§ What you have to do
Starting at the line below that contains "stil meer Ellendig" and ending at the line that contains "BMW S1000R long-term test", retype each line exactly as it stands, but omit the pictures.
[Stored data — start]
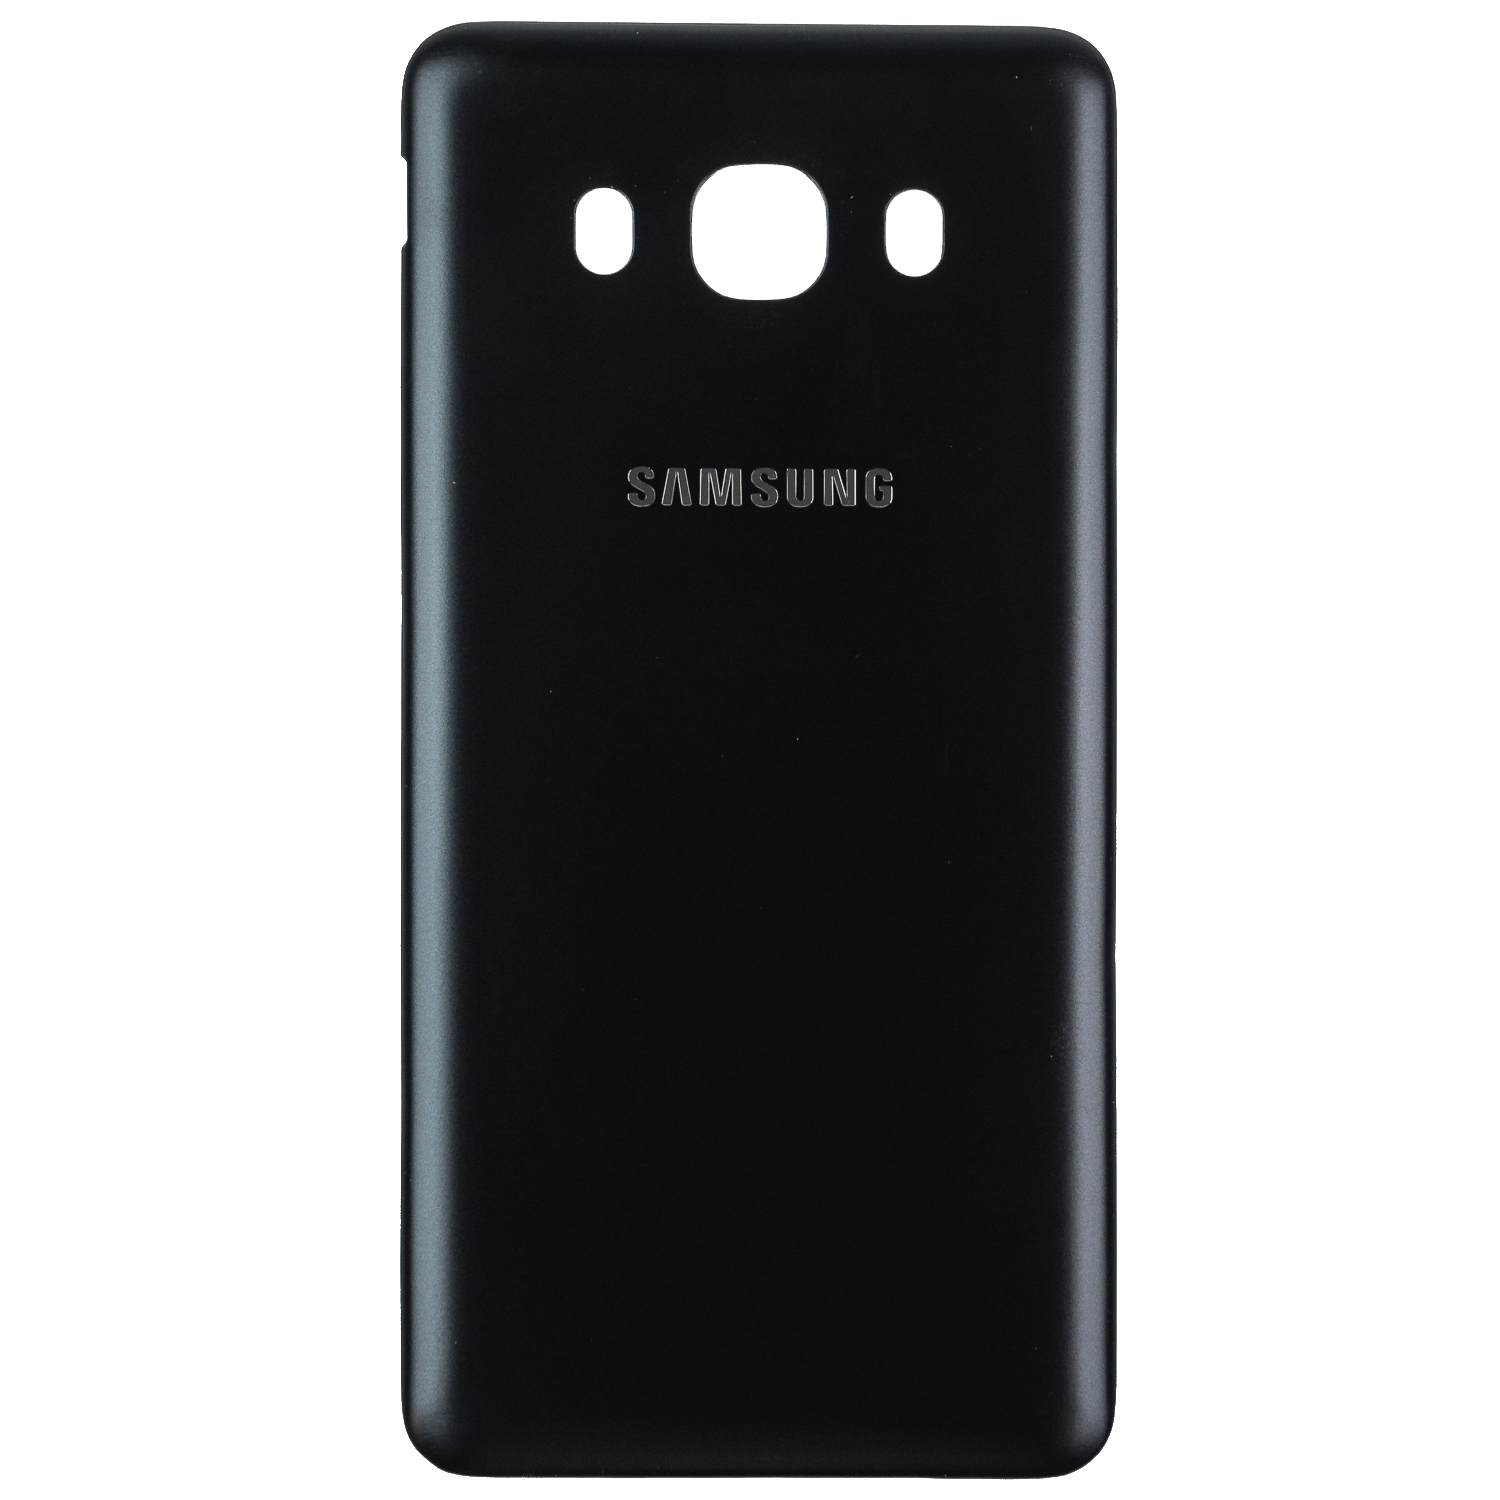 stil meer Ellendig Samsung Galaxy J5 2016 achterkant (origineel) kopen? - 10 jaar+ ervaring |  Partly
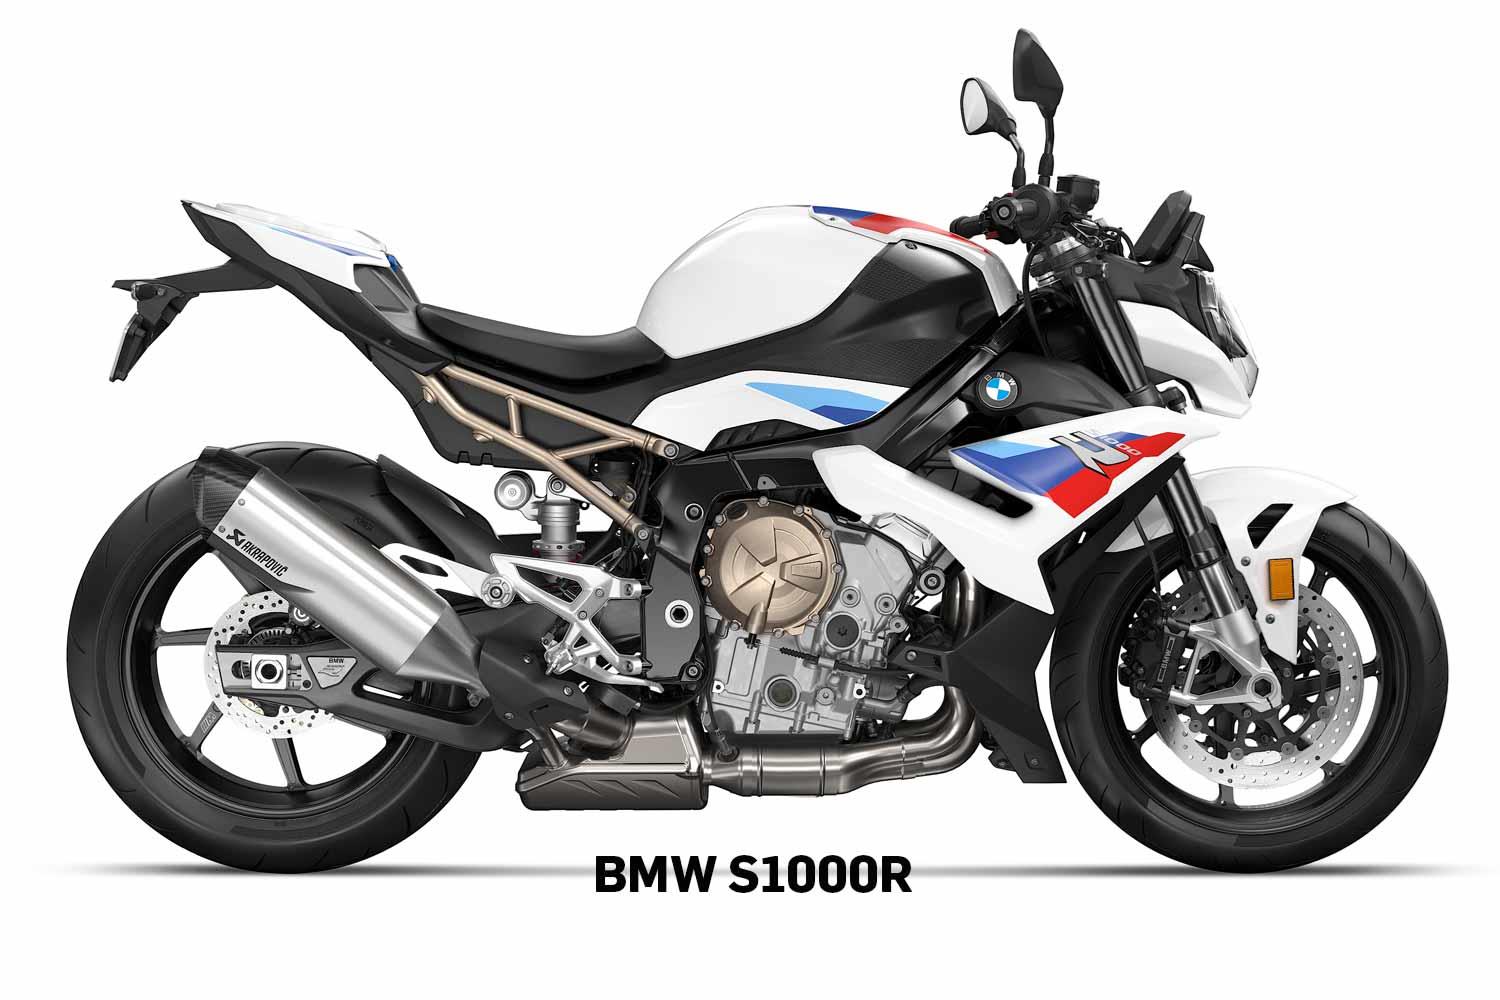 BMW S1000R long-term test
[Stored data — finish]
[Stored data — start]
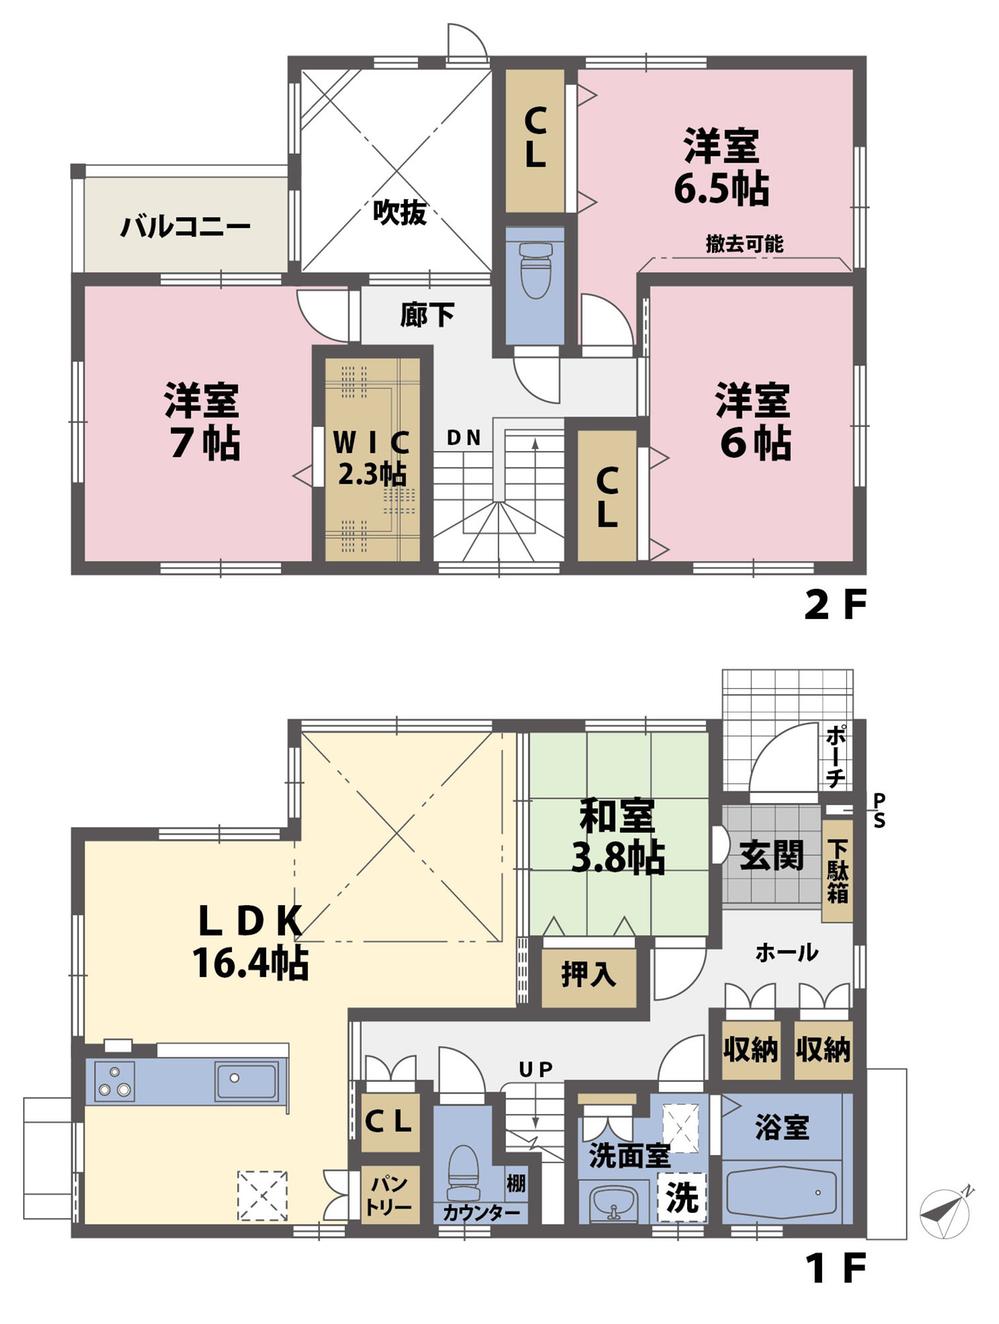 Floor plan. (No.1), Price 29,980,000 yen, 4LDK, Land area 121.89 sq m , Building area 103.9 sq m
[Stored data — finish]
§ Task answer
 stil meer Ellendig Samsung Galaxy J5 2016 achterkant (origineel) kopen? - 10 jaar+ ervaring |  Partly
 BMW S1000R long-term test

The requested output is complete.